# Compute average distance between numbers $0$ to $10$ [duplicate]

I'd like to calculate the average difference between two numbers, each between $0$ and $10$. I calculated this for integers and came up with an average distance of $4$.

My method: there are $10$ ways to obtain a difference of $1$, $9$ ways to obtain a difference of $2$, $3$ of $8$, $4$ of $7$, $5$ of $6$, $6$ of $5$, etc. I took the weighted average of all the possibilities and I ended up with $\frac{220}{55} = 4$.

But I actually have float values between $0$ and $10$. If I did the integer average distance correctly, is the average distance between $0$ and $10$ continuous still $4$?

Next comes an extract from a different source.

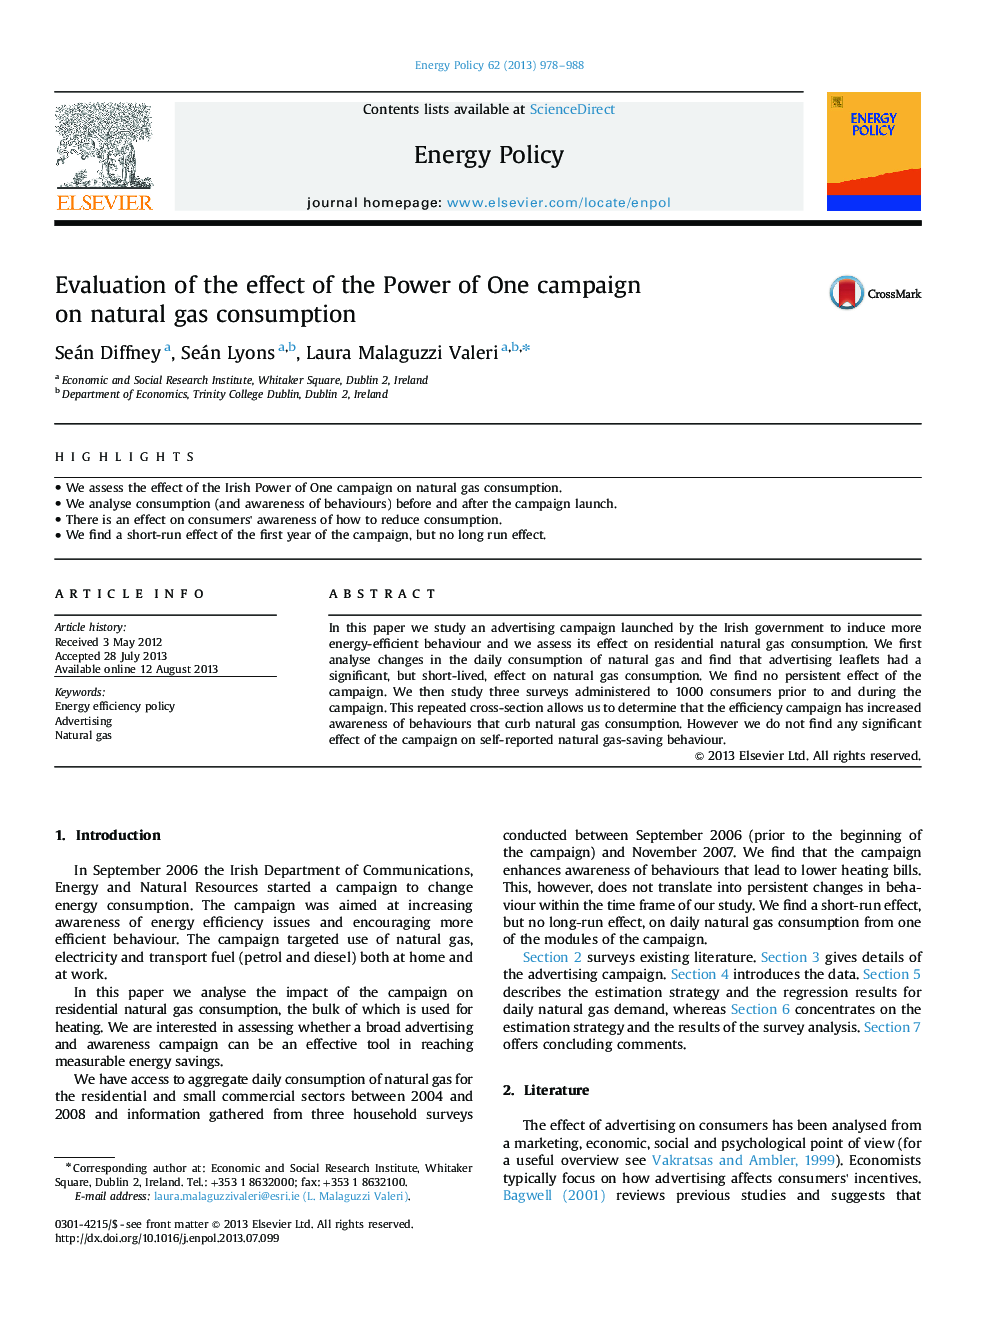 Evaluation of the effect of the Power of One campaign on natural gas consumption
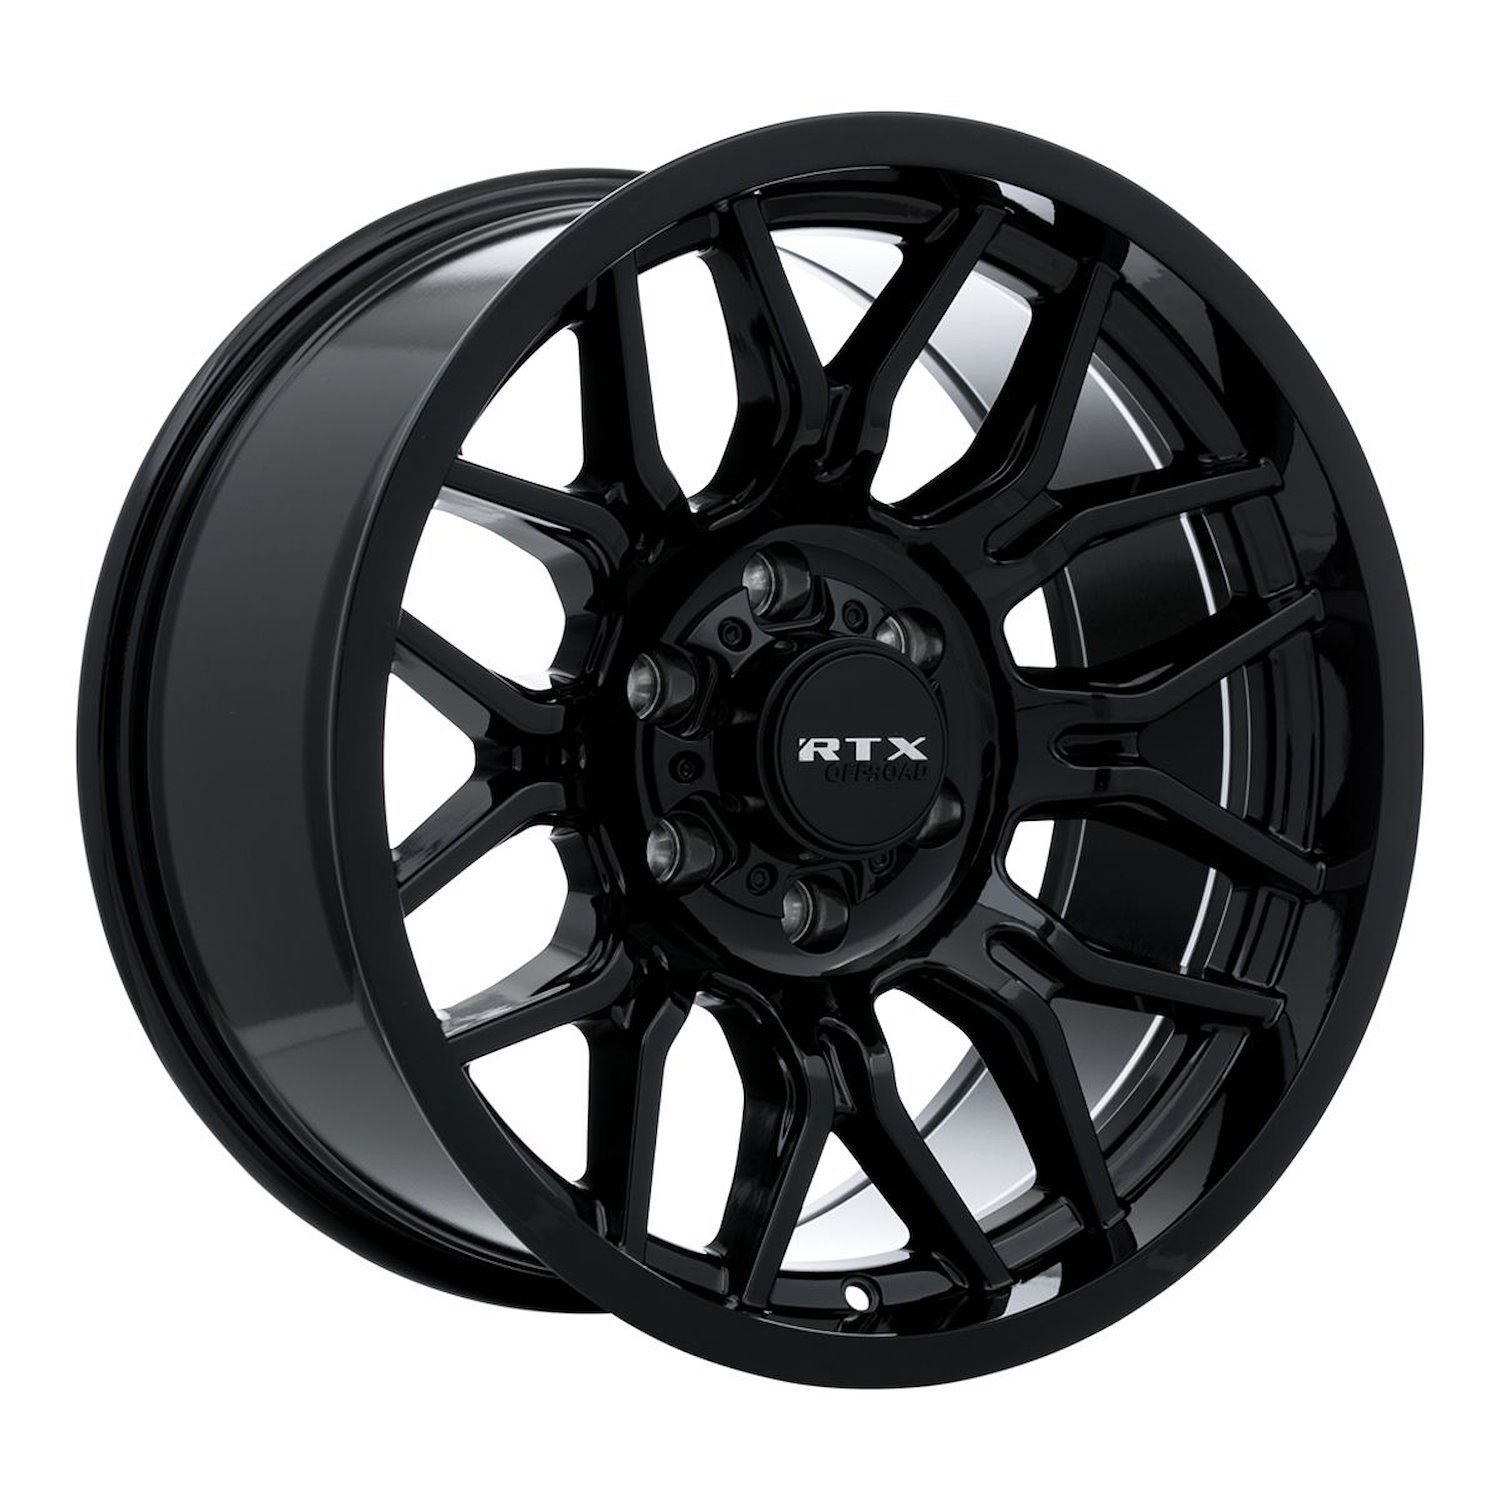 163755 Off-Road Series Claw Wheel [Size: 20" x 9"] Gloss Black Finish

• I don't think averages are well-defined across infinite sets. – Wildcard Jan 4 '17 at 1:36
• it should be 10/3 – Saketh Malyala Jan 4 '17 at 1:40
• It does not really matter to you, since you want the solution for real numbers rather than integers, but the average distance between two integers is less than 4 if the integers are chosen uniformly and independently, because there is a 1/11 probability that the difference will be zero. – David K Jan 4 '17 at 1:48
• Thanks! I've checked out link and that might solve my problem provided it works for continuous. So, if I may, can we agree that the continuous solution is equal to the discrete solution, given symmetry? – zazizoma Jan 4 '17 at 2:10

Every pair of numbers between $0$ and $10$ can be associated with a unique point $(x,y)$ in the square $[0,10] \times [0, 10]$. For such a point, the function $f(x,y)=|x-y|$ measures the difference between the two numbers. To find the average value of that function, one computes $$\frac{1}{100}\int_0^{10} \int_0^{10} |x-y| dx dy$$
The integral is the continuous analog of "summing" all of the integer values; the $100$ measures the area of the square region, which is the continuous analog of the "number" of integer values.